- **GIVEN DATA**:
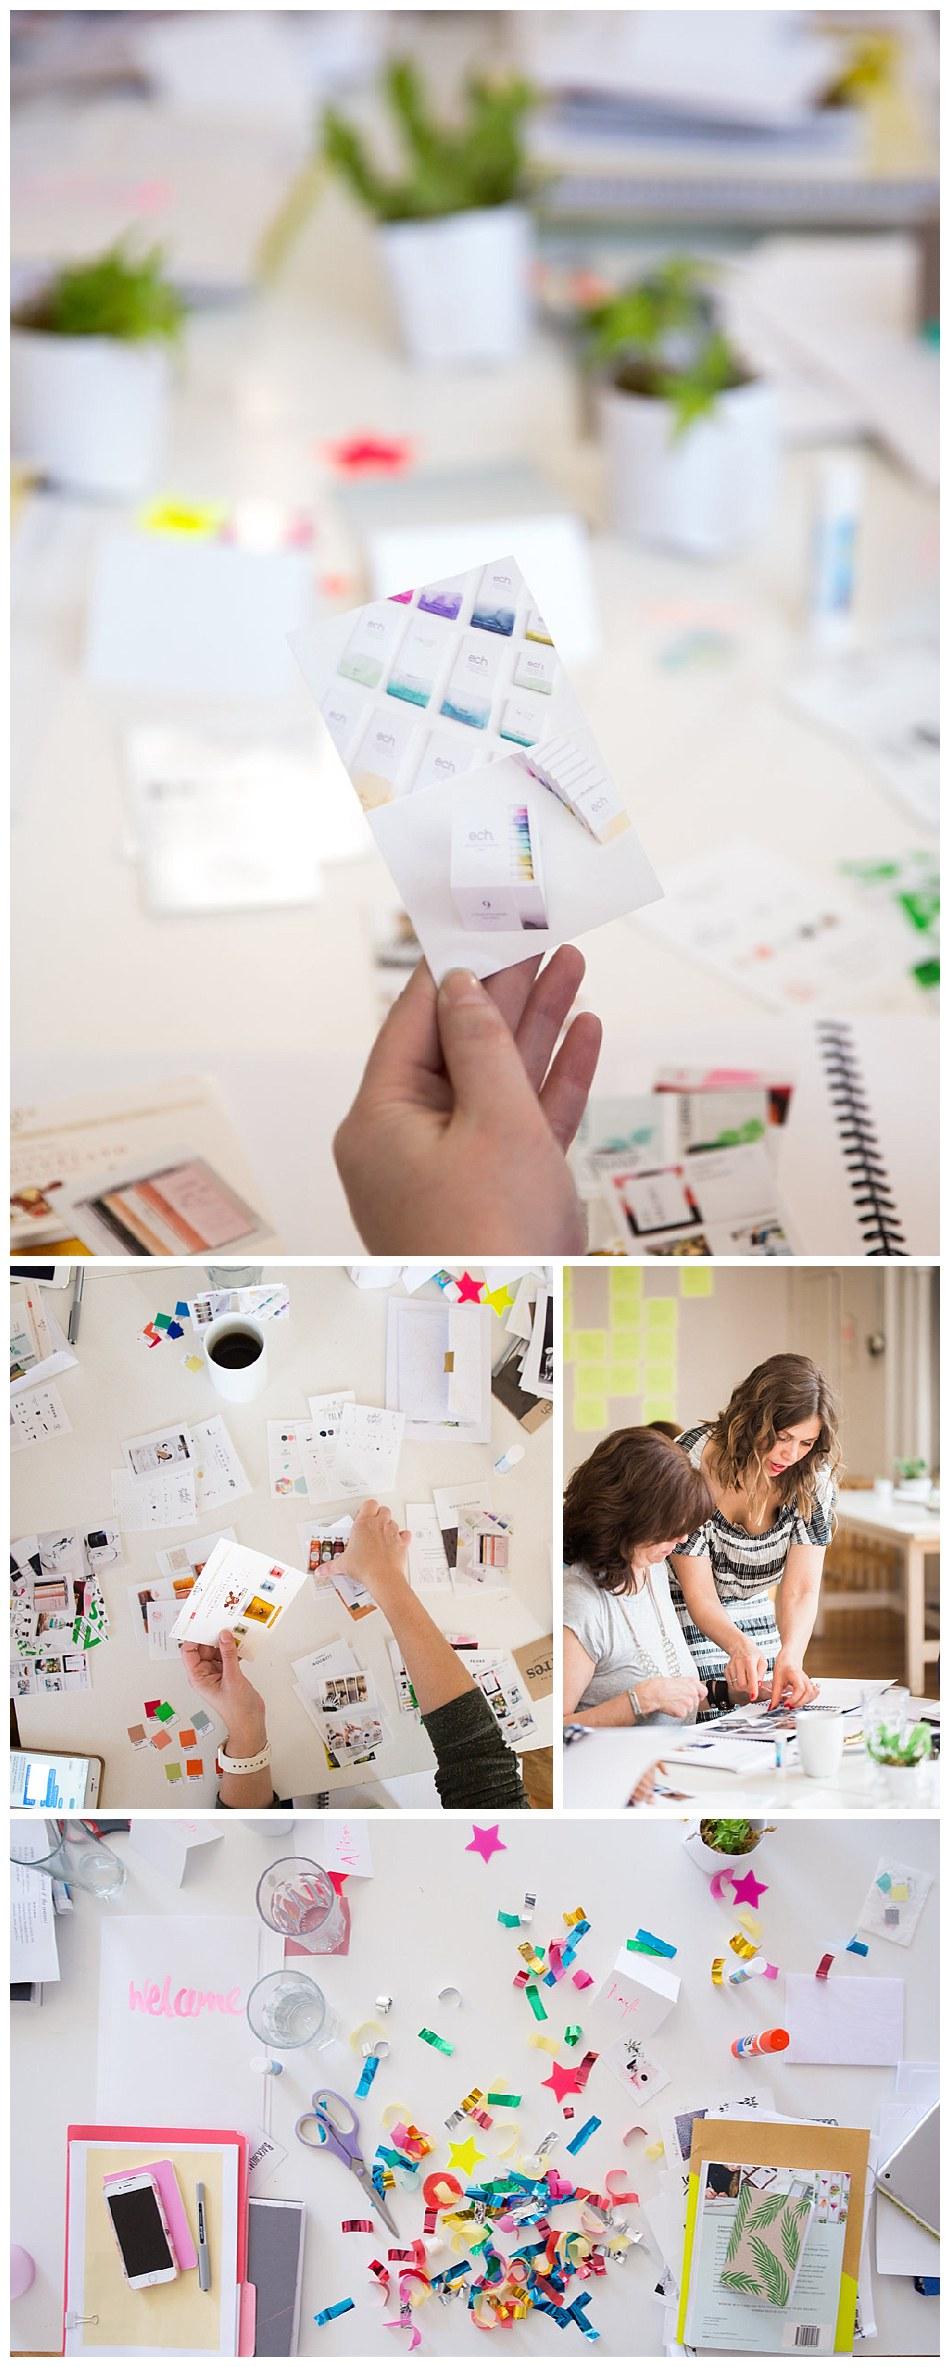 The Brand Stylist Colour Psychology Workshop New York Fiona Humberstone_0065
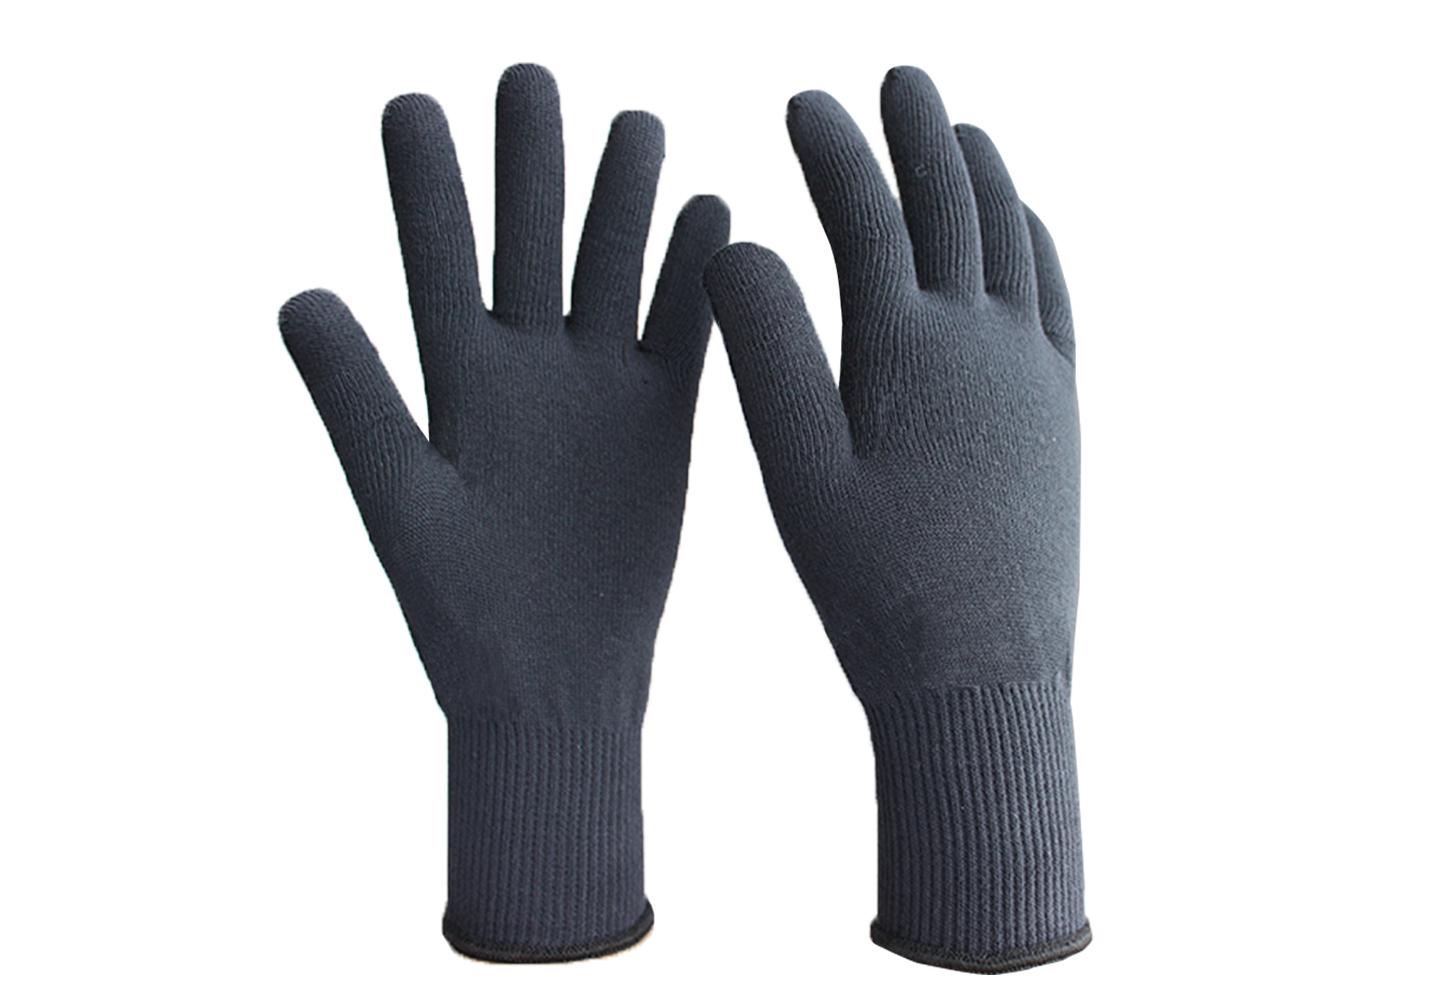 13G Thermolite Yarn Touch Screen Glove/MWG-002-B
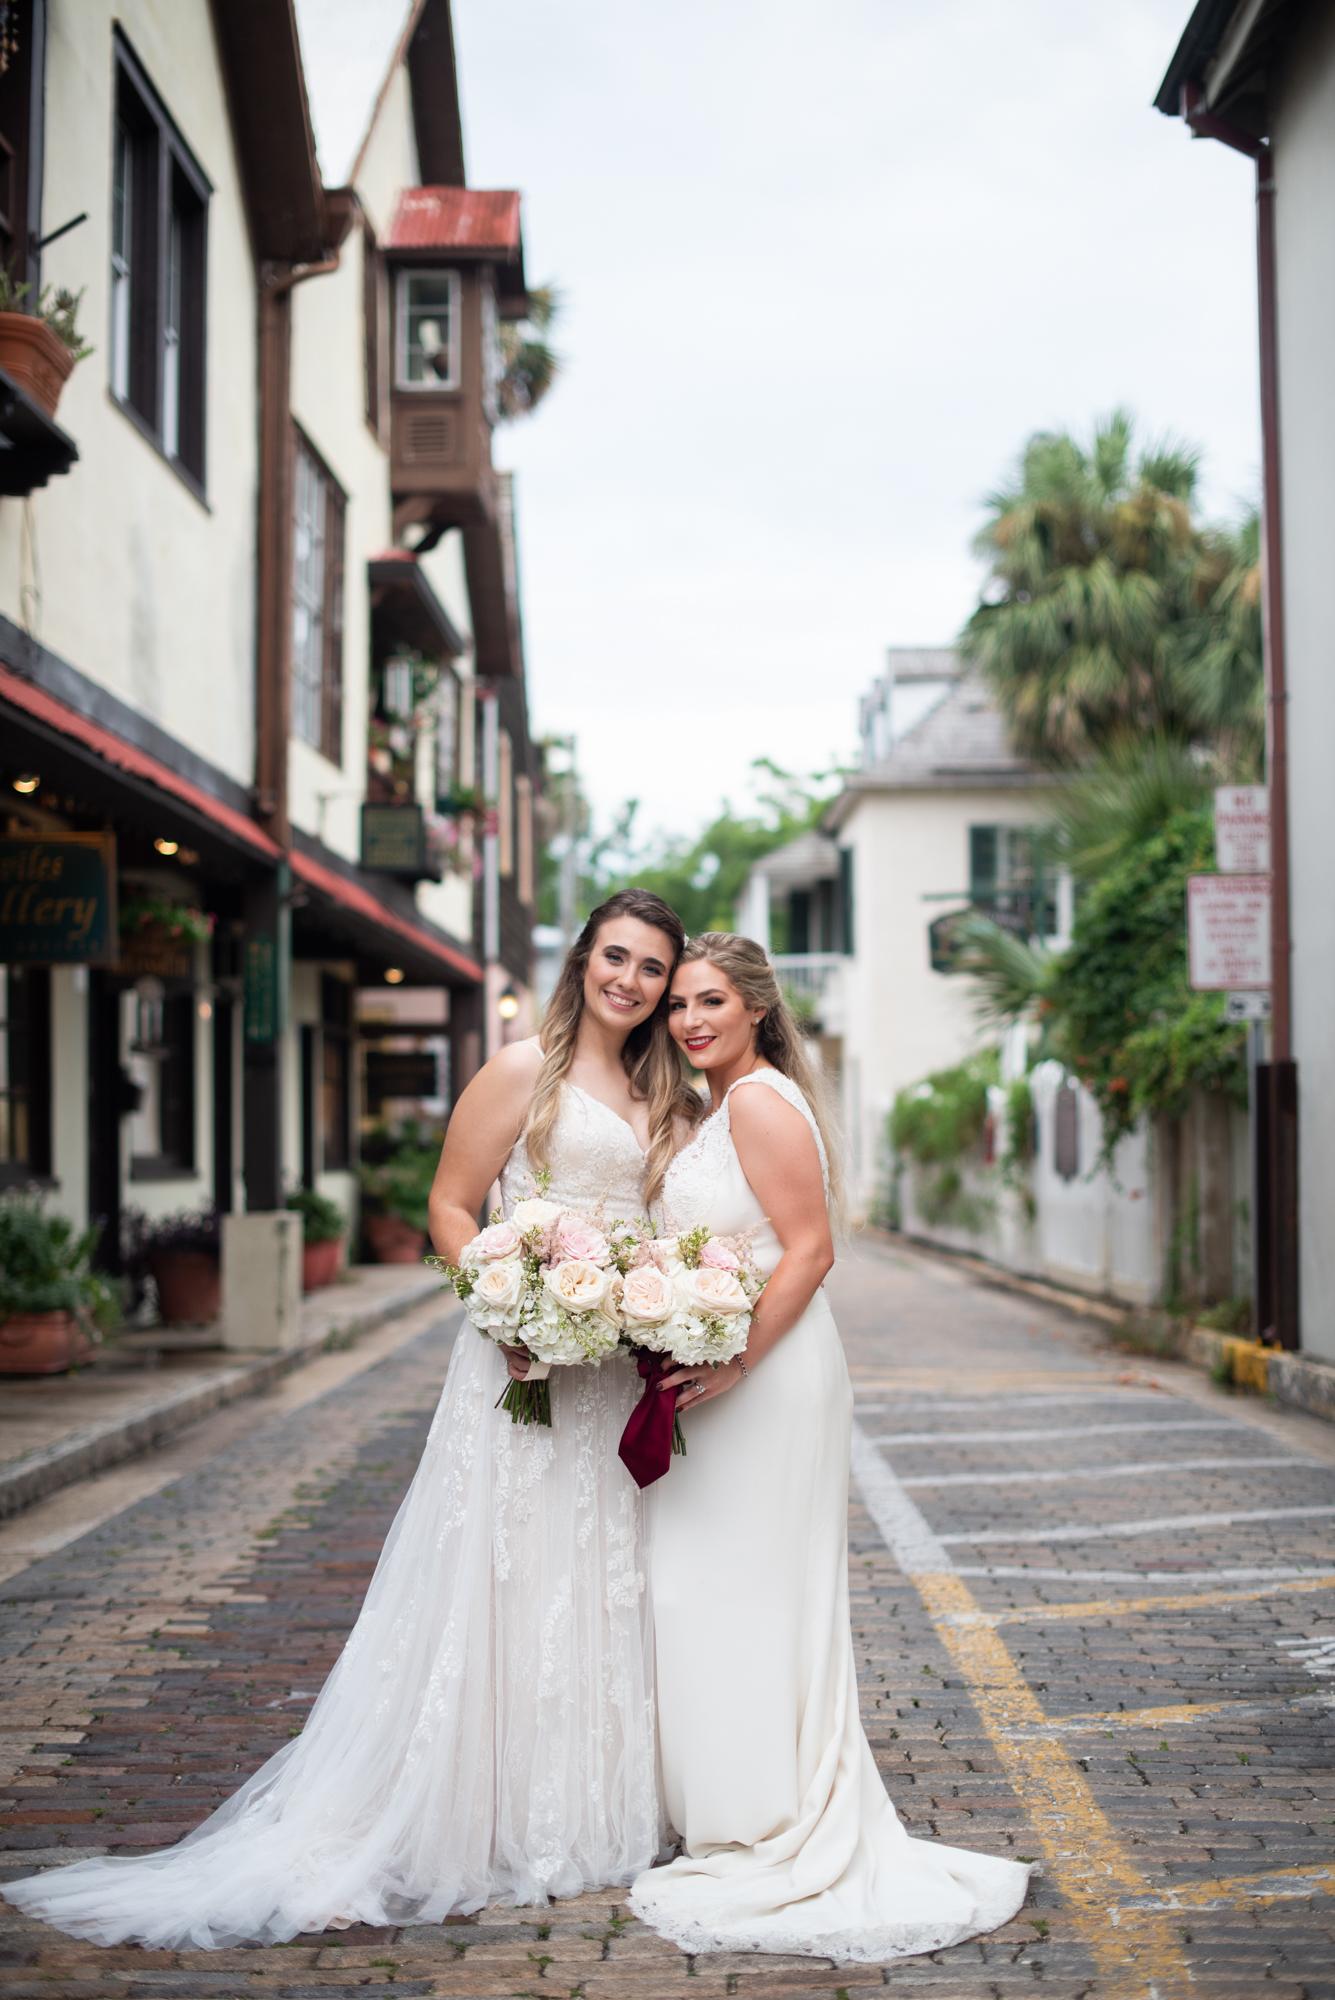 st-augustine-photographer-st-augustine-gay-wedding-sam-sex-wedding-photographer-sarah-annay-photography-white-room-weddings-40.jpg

- **WHAT THE EXERCISE ASKS**:
Omitting all pictures, set the listing down exactly.

- **RESULT OF THIS EXERCISE**:
 The Brand Stylist Colour Psychology Workshop New York Fiona Humberstone_0065
 13G Thermolite Yarn Touch Screen Glove/MWG-002-B
 st-augustine-photographer-st-augustine-gay-wedding-sam-sex-wedding-photographer-sarah-annay-photography-white-room-weddings-40.jpg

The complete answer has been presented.